What is needed is an exact copy of the data below, pictures excluded.

▸ **Data shown**

-=-=-=-=-

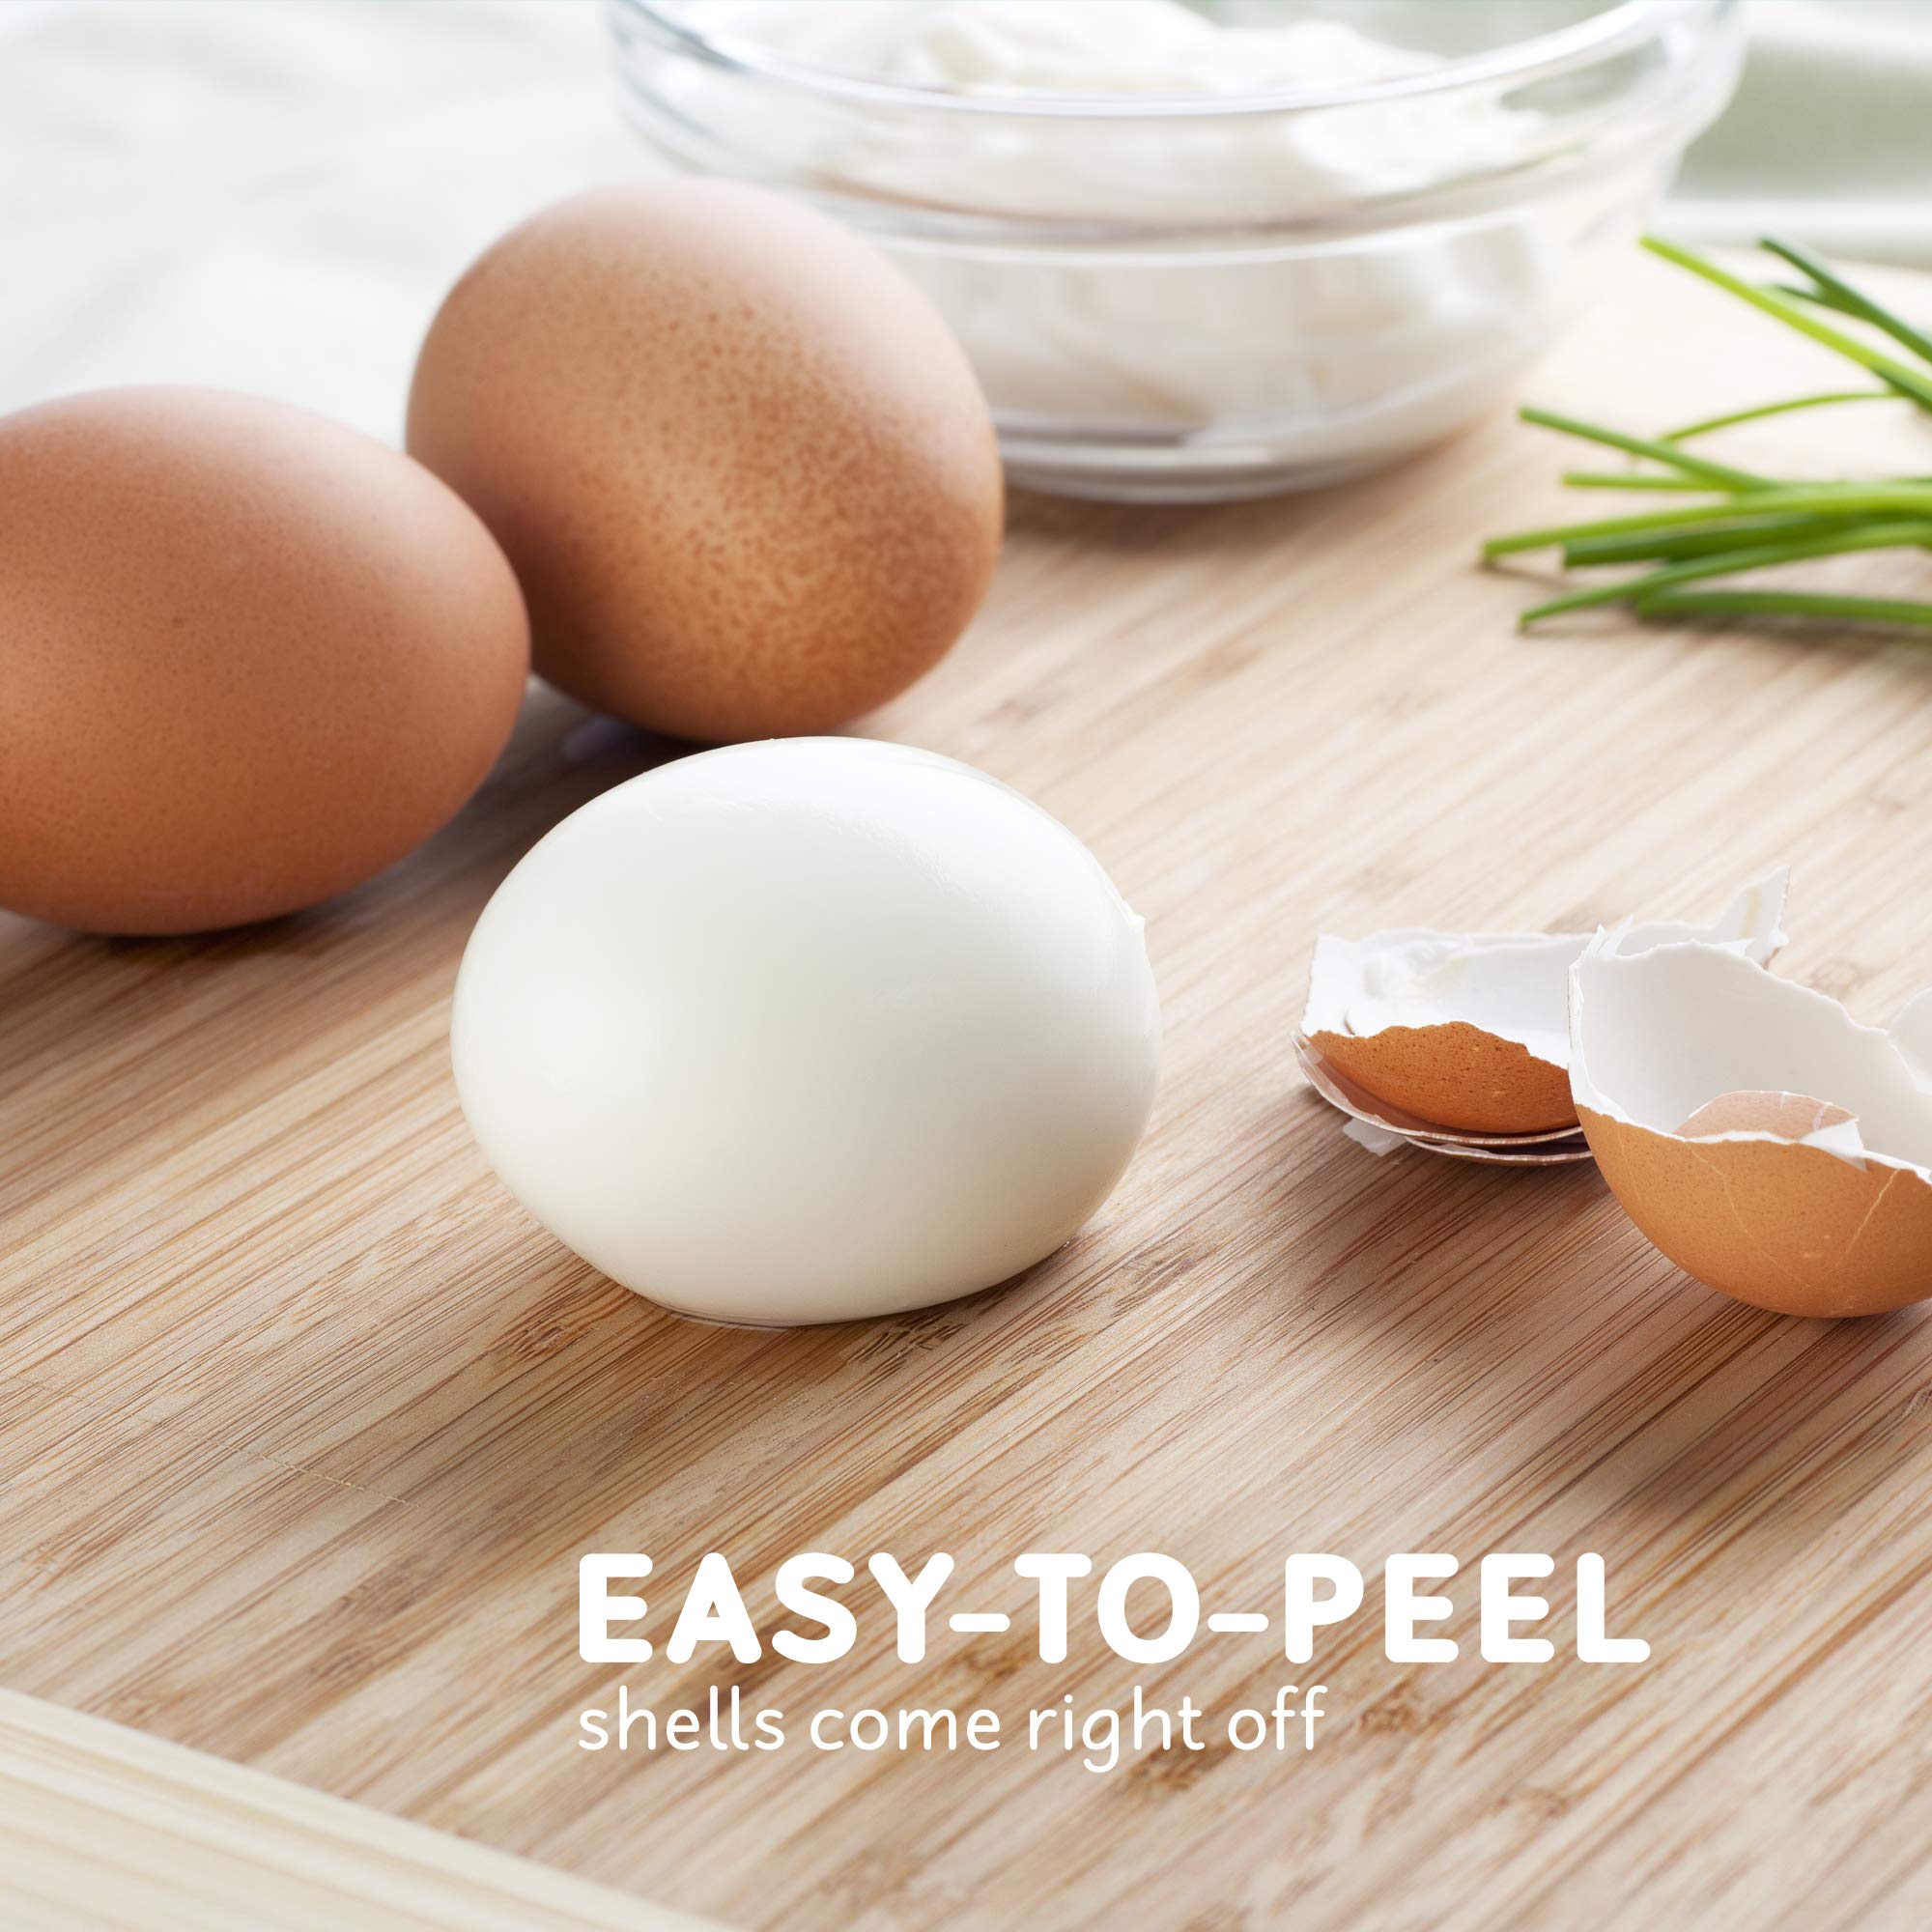 Elite Gourmet EGC-007 Rapid Egg Cooker, 7 Easy-To-Peel, Hard, Medium, Soft Boiled Eggs, Poacher, Omelet Maker, Auto Shut-Off, Alarm, 16-Recipe Booklet, White
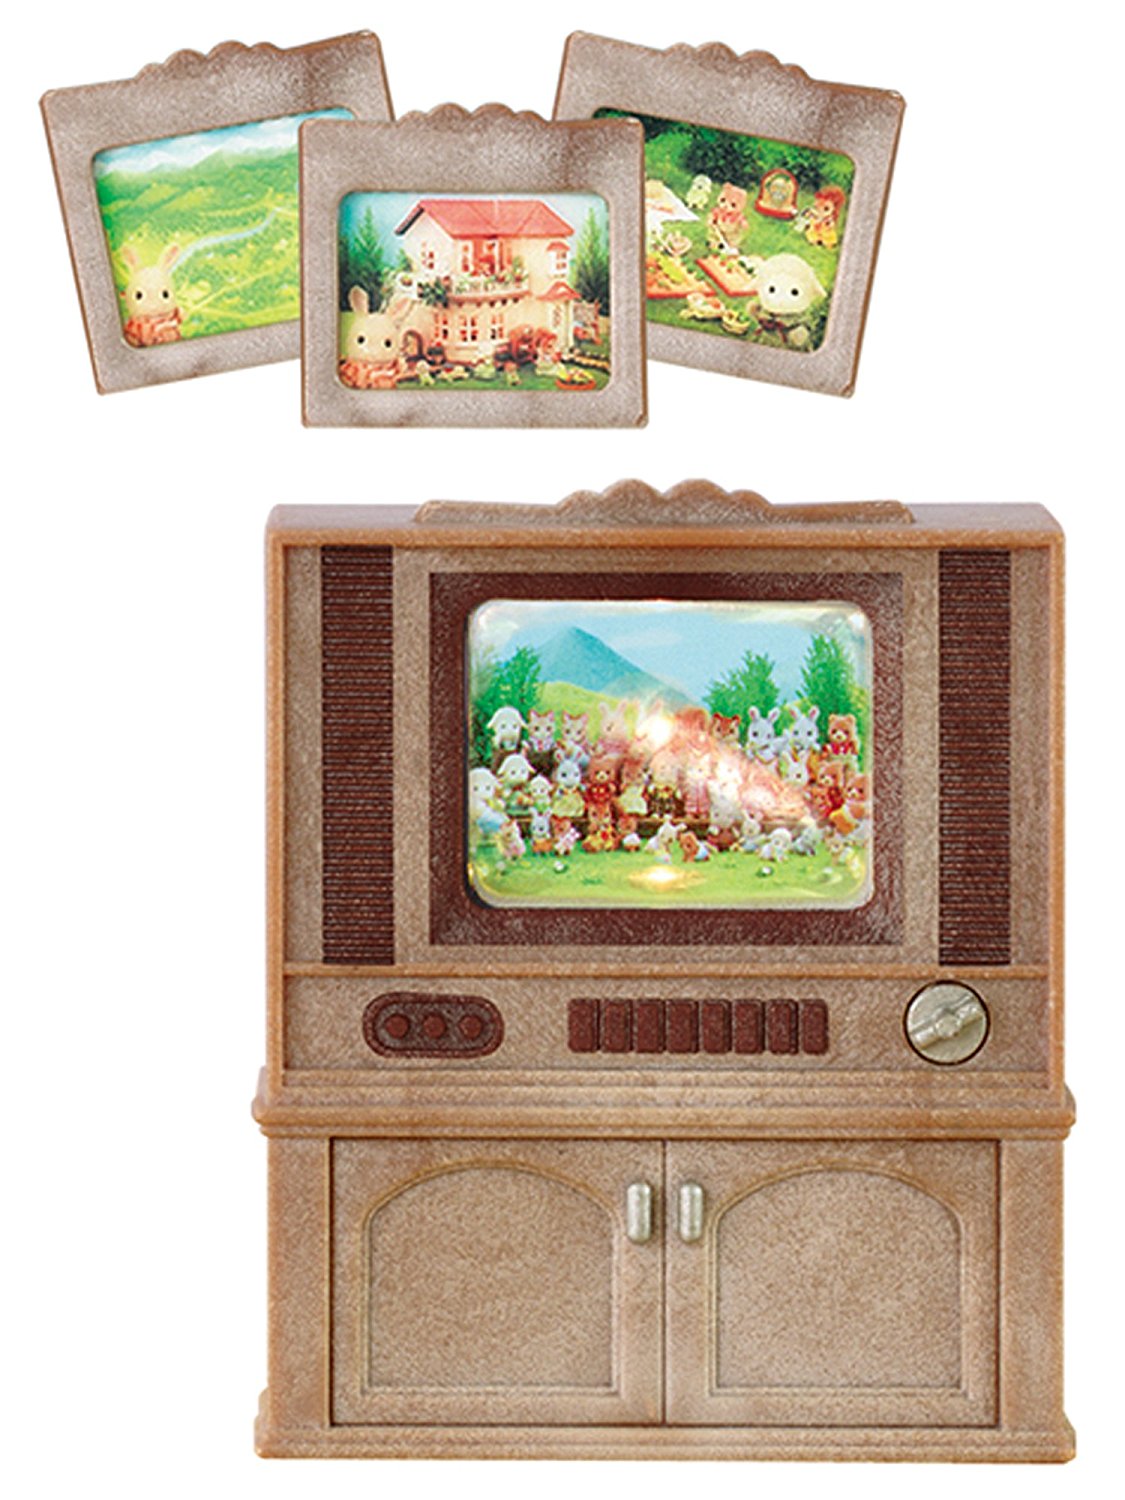 Sylvanian Families - Цветной телевизор  
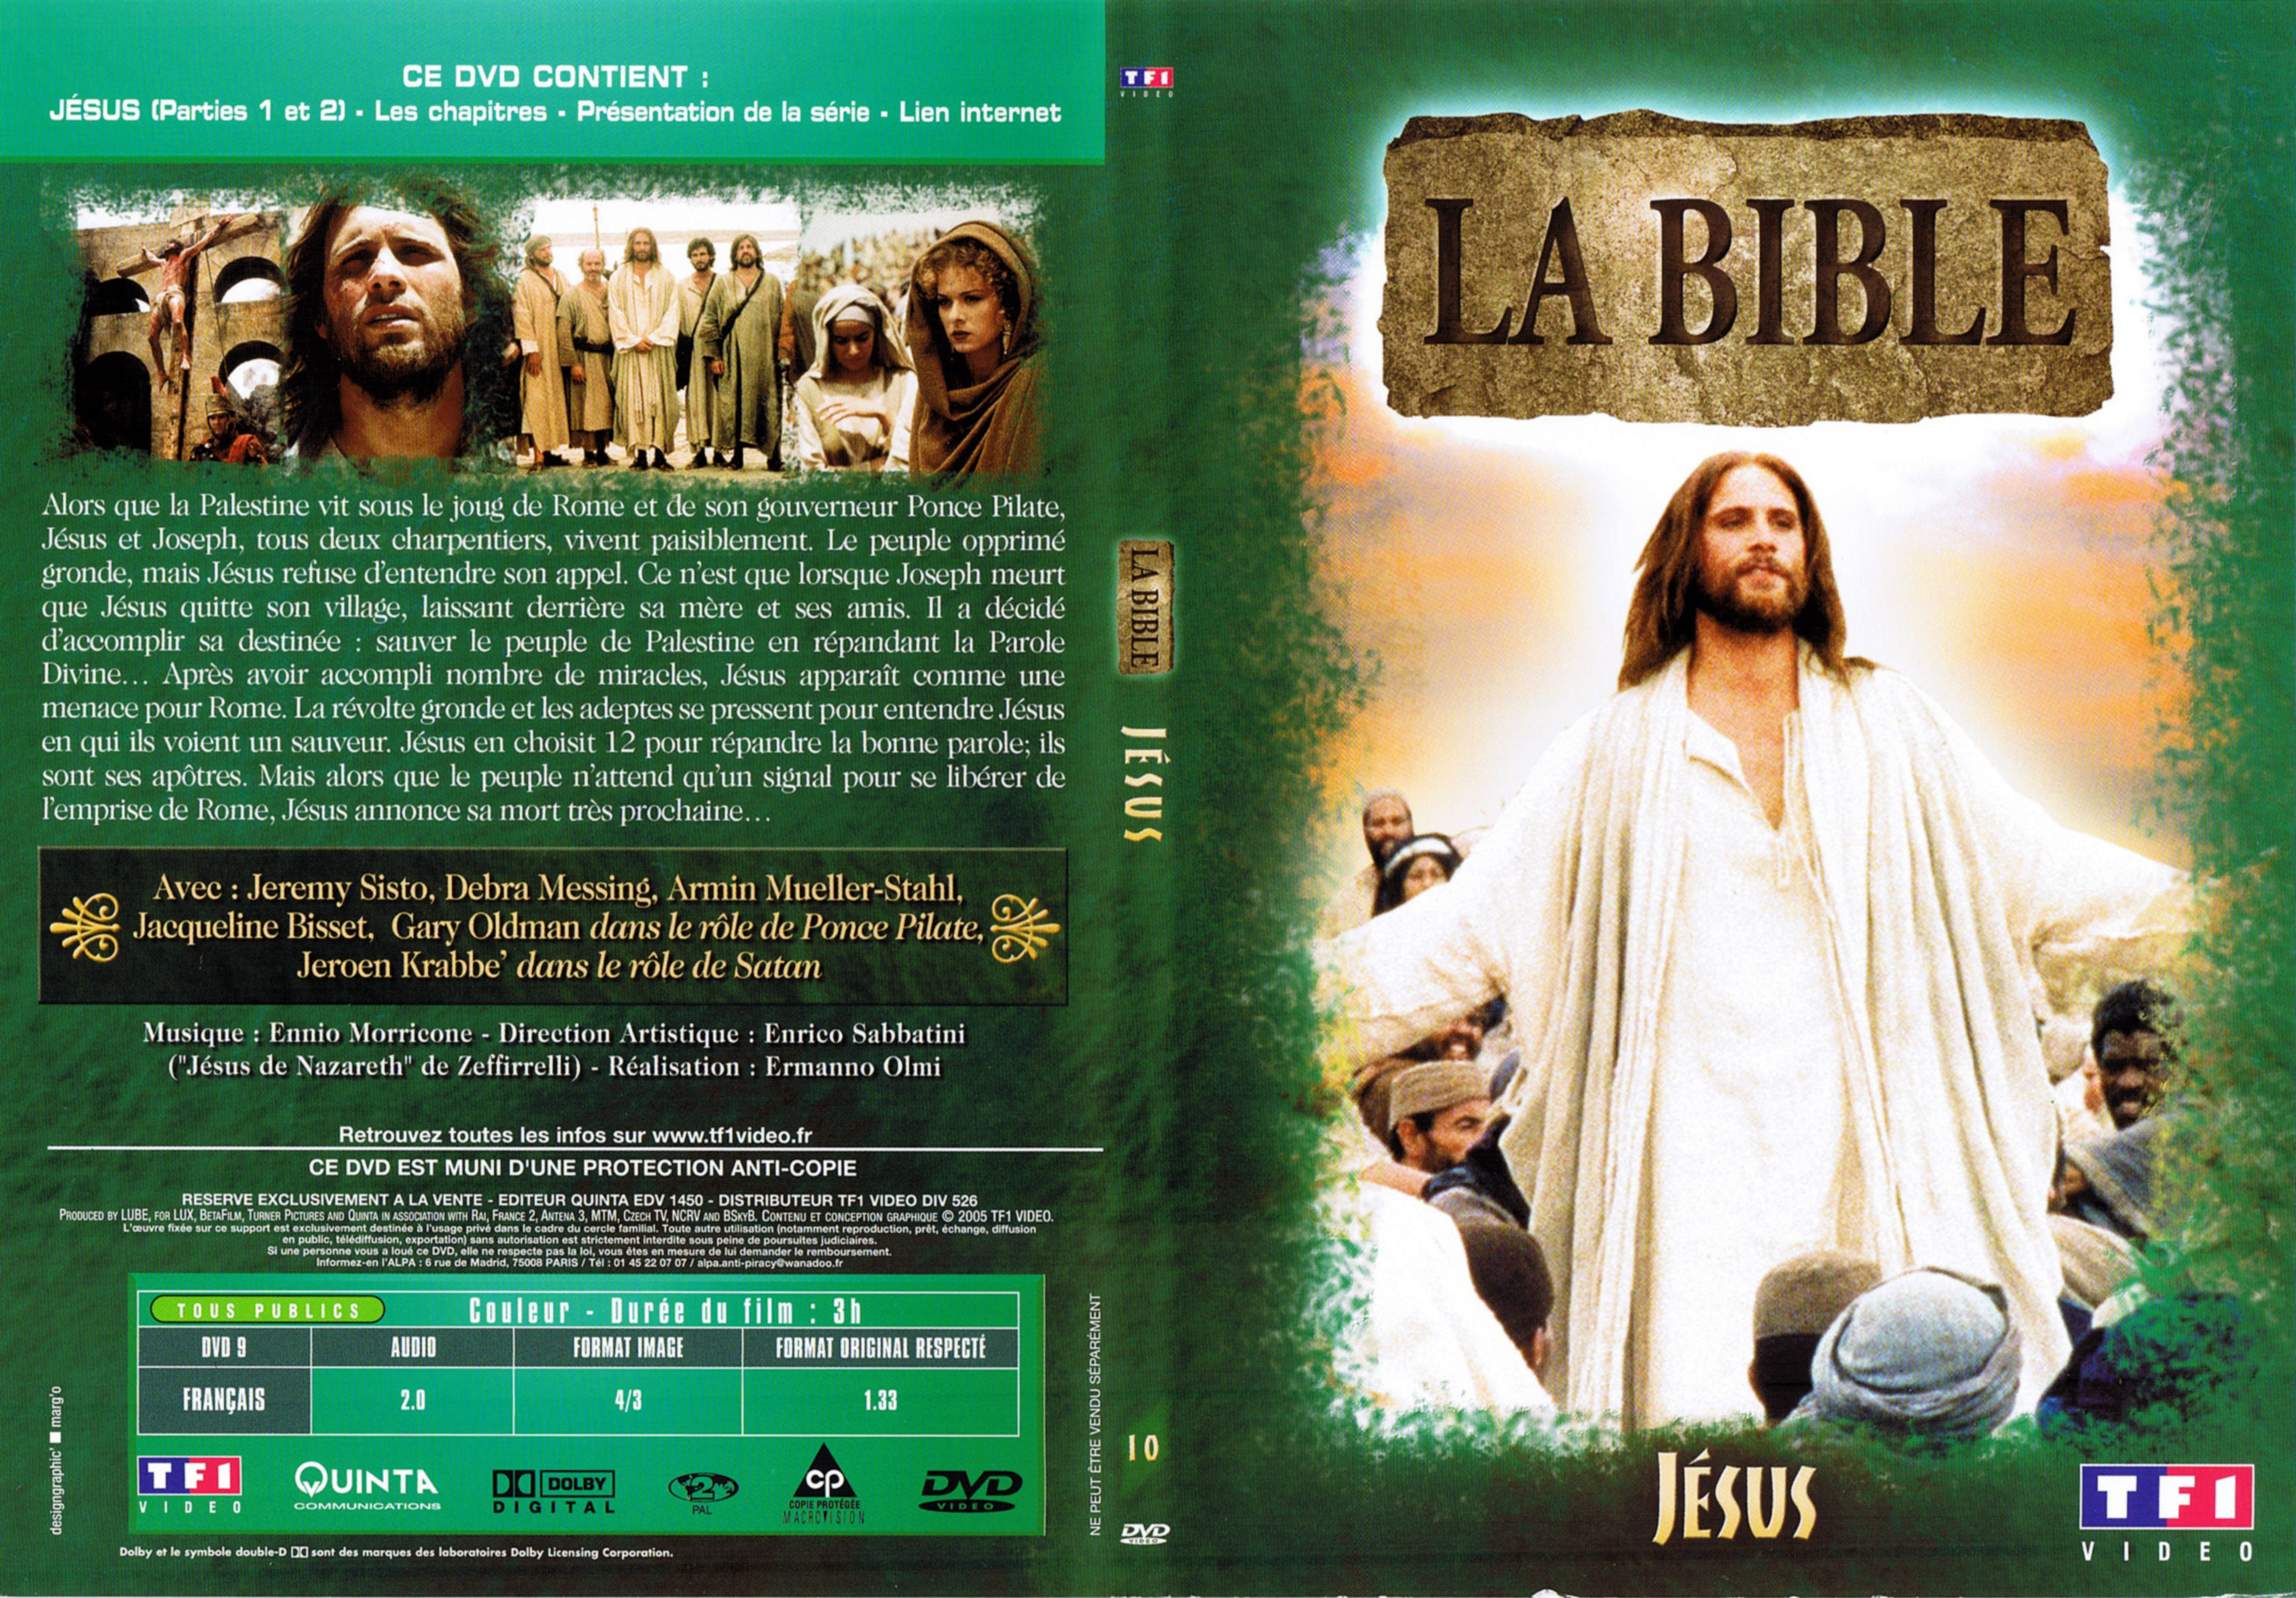 Jaquette DVD La bible - Jsus

-=-=-=-=-

▸ **Answer space**
 Elite Gourmet EGC-007 Rapid Egg Cooker, 7 Easy-To-Peel, Hard, Medium, Soft Boiled Eggs, Poacher, Omelet Maker, Auto Shut-Off, Alarm, 16-Recipe Booklet, White
 Sylvanian Families - Цветной телевизор  
 Jaquette DVD La bible - Jsus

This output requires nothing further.